Vu la procédure suivante :

Procédure contentieuse antérieure :

M. E... G... et Mme H... D..., épouse G..., ont demandé au tribunal administratif de la Polynésie française de constater que la Polynésie française empiète sur leur propriété sur une superficie de 319,25 m², de condamner la Polynésie française à leur verser la somme de 16 069 130 F CFP à titre d'indemnisation pour emprise irrégulière jusqu'au 31 décembre 2020, ainsi que la somme de 321 393 F CFP par an à compter du 1er janvier 2021 jusqu'à la cessation de l'emprise, et d'enjoindre à la Polynésie française de cesser toute emprise irrégulière.

Par un jugement n° 2100094 du 25 janvier 2022, le tribunal administratif de la Polynésie française a constaté que la Polynésie française a commis une emprise irrégulière constituée par une portion de route lui appartenant sise sur la propriété de M. et Mme G... située à Faa'a, sur une superficie de 315,25 m², l'a condamnée à verser à M. et Mme G... une indemnité de 226 980 F CFP au titre de l'emprise irrégulière, a mis à sa charge le versement à M. et Mme G... d'une somme de 150 000 F CFP au titre de l'article L. 761-1 du code de justice administrative, et a rejeté le surplus des conclusions de la demande.

Procédure devant la cour :

Par une requête et des mémoires enregistrés les 19 mars 2022, 5 octobre 2022 et 25 octobre 2023. M. et Mme G..., représentés par Me Eftimie-Spitz, demandent à la cour, dans le dernier état de leurs écritures :

1°) d'annuler les articles 2 et 4 du jugement n° 2100094 du 25 janvier 2022 du tribunal administratif de la Polynésie française ;

2°) de condamner la Polynésie française à leur payer la somme de 5 441 520 F CFP à titre d'indemnisation pour emprise irrégulière due du 1er janvier 2016 au 31 décembre 2022, ainsi que la somme de 1 074 000 F CFP par an à compter du 1er janvier 2023 jusqu'à la cessation de l'emprise, avec les intérêts au taux légal à compter du 1er janvier 1972 et la capitalisation des intérêts échus ;

3°) de mettre à la charge de la Polynésie française la somme de 2 000 euros au titre de l'article L. 761-1 du code de justice administrative.

Ils soutiennent que :

- la superficie de l'emprise de la route, propriété de la Polynésie française, sur leur propriété, est de 319,25 m² ;

- la valeur vénale de la superficie de l'emprise est de 6 427 852 F CFP et l'indemnité de jouissance peut être évaluée à 5 % de cette valeur, soit 321 393 F CFP par an depuis l'année 1971.

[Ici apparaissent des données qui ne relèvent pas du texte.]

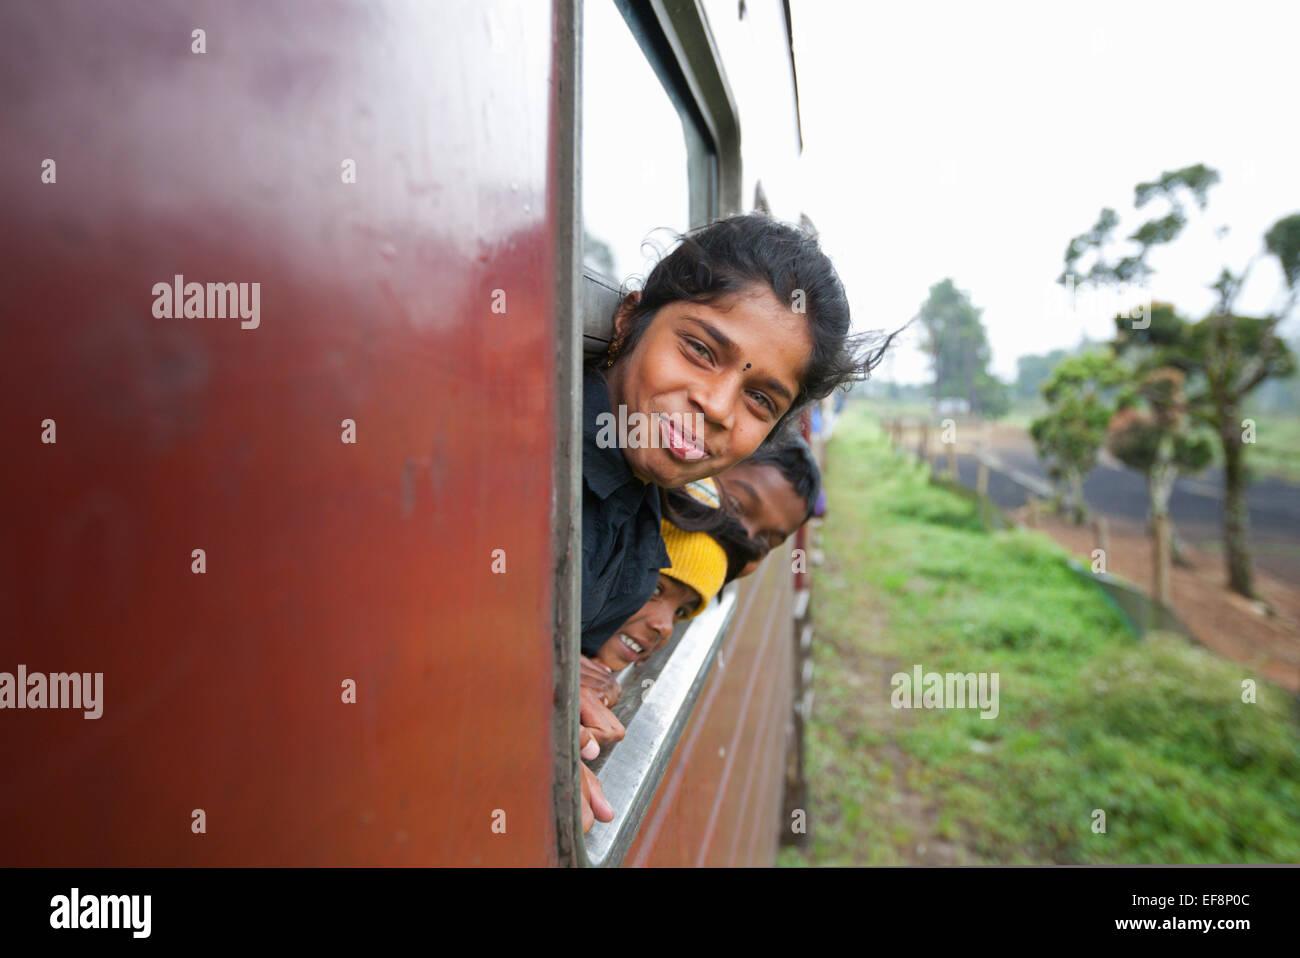 sri lankan girl stock photos & sri lankan girl stock images - alamy

Par un mémoire en défense enregistré le 11 octobre 2022, la Polynésie française, représentée par la Selarl Jurispol, agissant par Me Quinquis, demande à la cour :

1°) à titre principal, de rejeter la requête de M. et Mme G... ;

2°) à titre subsidiaire, par la voie de l'appel incident, de réformer le jugement en tant qu'il n'a pas statué sur la possibilité de procéder à la régularisation de l'emprise irrégulière et de statuer sur les possibilités de régularisation appropriées de l'ouvrage public ;

3°) à défaut, de confirmer le rejet de la demande de démolition de l'ouvrage public et de fixer de manière définitive et forfaitaire le montant de l'indemnité accordée par le tribunal à M. et Mme G... à la somme de 226 980 F CFP ;

4°) de mettre à la charge de M. et Mme G... le versement de la somme de 200 000 F CFP au titre de l'article L. 761-1 du code de justice administrative.

Elle soutient que :

- les conclusions de la requête de M. et Mme G... aux fins d'annulation, d'indemnisation sont irrecevables en l'absence de moyens d'appel ;

- les conclusions tendant au paiement d'intérêts au taux légal et de capitalisation de ces intérêts, ne peuvent qu'être rejetées en ce qu'elles fixent un point de départ antérieur aux dates respectives des 18 novembre 2020 et 18 novembre 2021 ;

- l'action en démolition de l'ouvrage public est prescrite ;

- le jugement attaqué est irrégulier en ce qu'il est insuffisamment motivé et entaché d'une erreur de droit en tant qu'il statue sur les conclusions à fin de démolition de l'ouvrage ;

- dès lors que l'emprise irrégulière peut être régularisée, il n'y a pas lieu d'ordonner la démolition de l'ouvrage public ;

- M. et Mme G... ne sont pas fondés à demander une indemnité supérieure à celle qui a été fixée par le tribunal.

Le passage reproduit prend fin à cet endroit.